Over the last two years, marketers have been bombarded with sudden news about launched AI models and subsequent updates. The buzz has captured marketers’ imagination, encouraging them to explore how AI integration can enhance a marketing team’s workflow.

And for marketing managers, the key question is how these advancements—particularly Model Context Protocols (MCPs)—can directly elevate the customer experience.

A Model Context Protocol is an open standard designed to standardize how AI applications, especially large language models (LLMs), interact with external tools and data sources.

Learning about Model Context Protocols can help marketers discover how to improve marketing systems that support the customer experience.

Table of Contents

What Is the Value of an MCP

A Model Context Protocol is a standardized data layer that sets up communication between programmatic devices or software. The protocol acts as a client-server architecture that interacts with three elements:

  • The API access of a large language model and external tools
  • Actions the AI can invoke through the MCP server such as executing a database query or sending an email
  • Reusable prompts as templates so that the MCP server can process complex tasks

MCPs were created to standardize the communication method between large AI models and various external tools.

Model Context Protocol diagram.
 

The launch of AI solutions has led to high developer interest in having AI agents interact with other software and with each other. Developers found the need to set up a universal translator between AI models and real-world systems.

The value an MCP brings to marketers is its ability to streamline AI integration into solutions business teams already use. An AI combined with an MCP can parse information from those solutions quickly and then explain a situation in natural language.

For example, let's say there is a volume of database queries involving several databases and marketing software solutions as well.

Instead of struggling through database queries and log files, an AI assistant could access those systems directly, understand what went wrong and present a plain-English explanation.

The benefit is a faster problem-solving process where multiple systems must be accessed to address the root cause.

Related Article: AI in Marketing in 2025: Smart Automation and Brave Brand Building

How MCP Enhances the Overall Technology Stack

MCPs represent the next layer of AI infrastructure—a system that lets your AI talk to other tools. AI agents are increasingly acting in real-world scenarios, connecting with business-critical tools so automated workflows are possible. Marketers can use MCPs to create a platform that manages a range of tasks.

Anthropic, the firm behind the AI solution Claude, brought the Model Context Protocol into the business spotlight. It released an open-source MCP standard to support Claude and other platforms for agentic AI development. The protocol allows connections to APIs, databases, file systems and other tools.

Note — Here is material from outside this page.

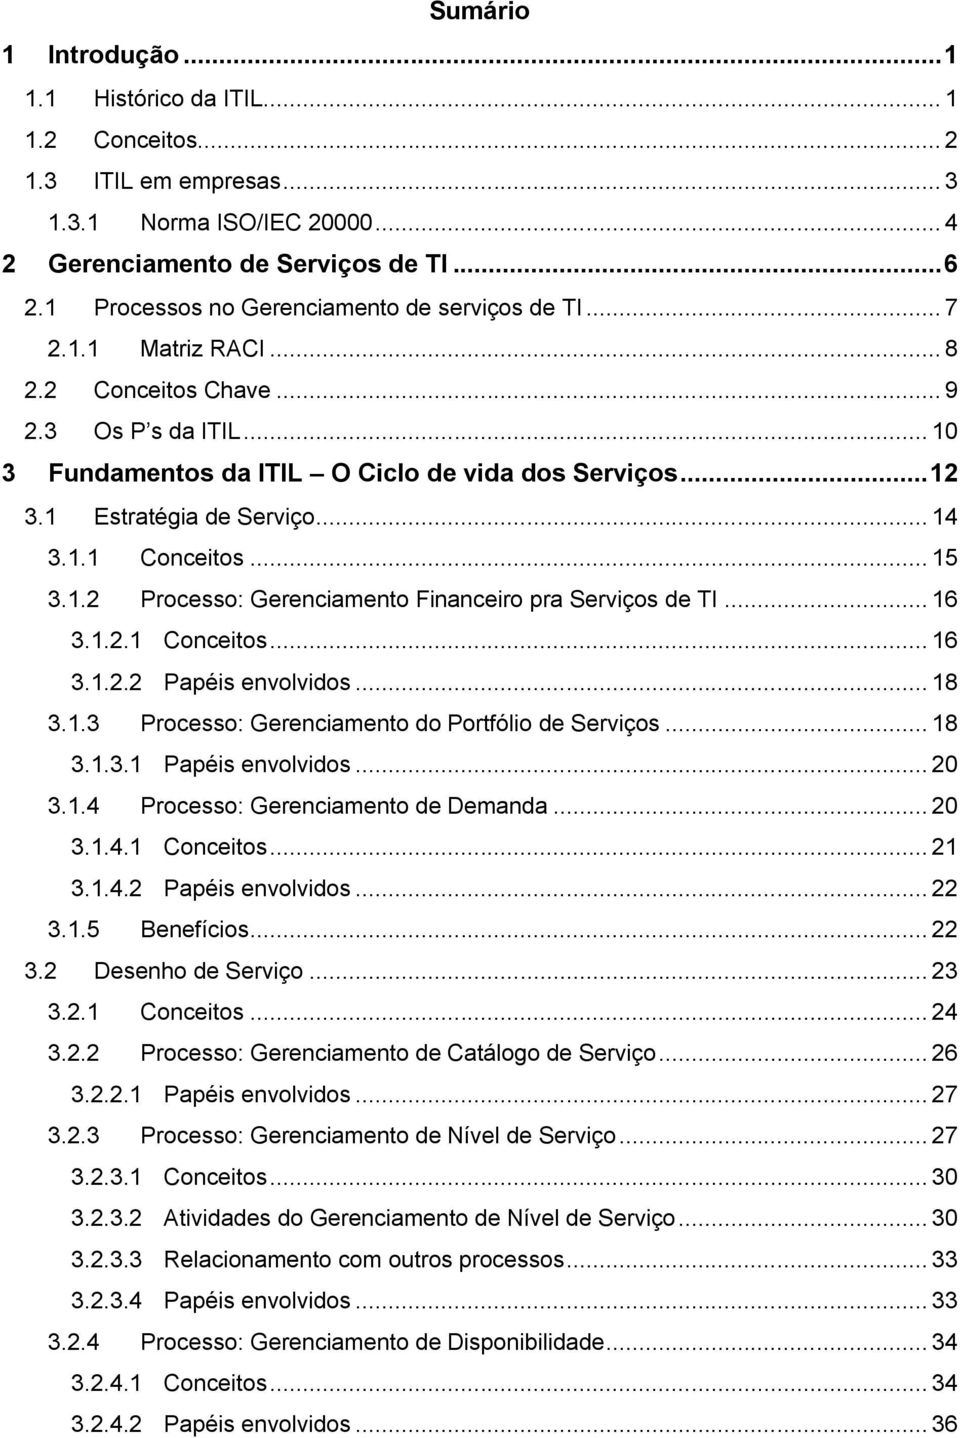 1 Estratégia de Serviço... 14 3.1.1 Conceitos... 15 3.1.2 Processo: Gerenciamento Financeiro pra Serviços de TI... 16 3.1.2.1 Conceitos... 16 3.1.2.2 Papéis envolvidos... 18 3.1.3 Processo: Gerenciamento do Portfólio de Serviços.

Another vital AI platform that has heightened MCP awareness is LangChain. LangChain is an open-source framework that hosts AI agents and allows LLM applications to be built. It introduced a JavaScript/TypeScript library that connects Anthropic’s MCP tools with LangChain. This kind of connection allows seamless integration of AI agents, enabling marketers to manage complex customer interactions more effectively.

MCPs deliver data standardization that serves as a framework for LLMs. As a single protocol, they replace fragmented system integrations. The result is a simpler, more reliable way to give AI systems access to data and solve tasks.

With MCPs, AI apps can instantly connect to any tool or live data—much like a USB-C connector. It is a universal way for AI to interface with the software marketers already use.

How Marketers Can Start an AI Pilot

Marketing teams working with developers can launch an AI pilot program with just one integration and build outward from there. To vet an MCP server, a team can set up the server, issue a start command and run a basic chat in a computer terminal. The chat is essentially a basic prompt and response—like in an app—but executed via command line. Teams can then add integrations incrementally, seeing value at each step rather than waiting for a perfect complete system.

Regardless of MCP variety—many launched just this year—most installations are designed to be straightforward.

Some allow JSON configuration paste-and-save. Most rely on terminal access, where the configuration is called and run.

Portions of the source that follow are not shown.